November 11, 2012 at 1:43 pm #160257gypsyParticipantI must say, I thought the same thing. Neal is not Dean. This would make more sense if K&H named Henry’s father Dean Moriarty, but they didn’t, they named him Neal Cassady, for a reason.
The fact that Neal was the basis for Kerouac’s character is only one aspect of Neal’s life.He was the inspiration for the character ‘Mac’ (Jack Nicholson’s role) in One Flew Over the Cuckoo’s Nest.
He was also well known for the Beat Generation, the Merry Pranksters, and the psychadelic drug movement.

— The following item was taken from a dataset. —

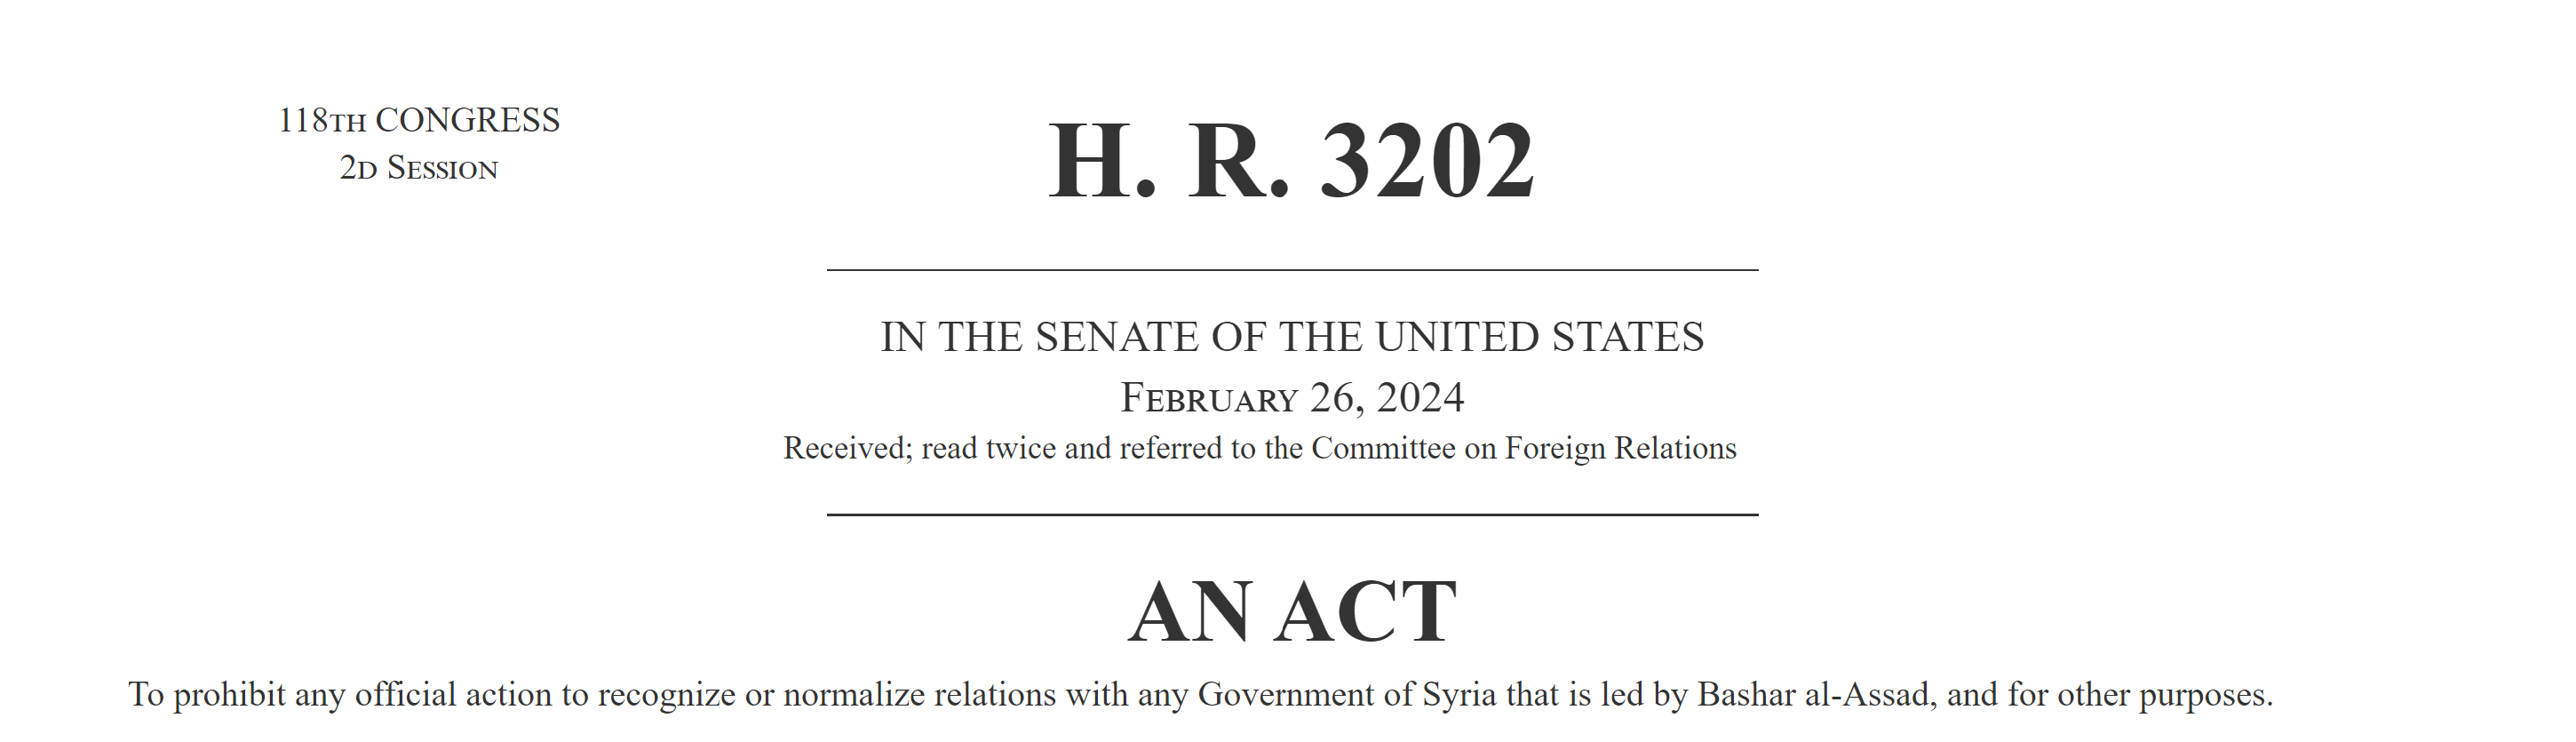 مجلس النواب الأمريكي يوافق على مشروع قانون "مناهضة التطبيع مع نظام الأسد"

The movie Magic Trip, with the Grateful Dead, the infamous trek from San Francisco to NY in “Further”, the songs by the Dead…..all just as big a part of Neal Caassady and who he was and why he’s well known to this day.There were many actual nods and clues to those aspects of Neal Cassady.
November 11, 2012 at 7:00 pm #160313TheGoldenKeyParticipantI just can’t see Times Square having anything to do with Neal. Don’t know if I’m missing something, but as I’ve posted on another thread, we never once saw him walking in Times Square. His route was as follows:
Exit south end of Central Park at the corner of Central Park E & 7th Avenue.
Turns left unto Central Park E and heads eastbound on the north side of the roadway.
Turns right and heads southbound on Madison Avenue.
At Madison Avenue & E 47th Street, he crosses from the west side of the street to the east side of the street.
We then see him at the 5th Avenue subway station.Had he wanted to go to Times Square he would have continued out of the park and straight down 7th Avenue.
So, if I’m missing something, maybe? But sure seems like his route was straight enough. I also found it interesting that the crossed right where the Chase Bank was. Could have something to do with what he does for a living OR CHASE could have some meaning.Keeper of Pandora's Box & The Yellow Brick Road.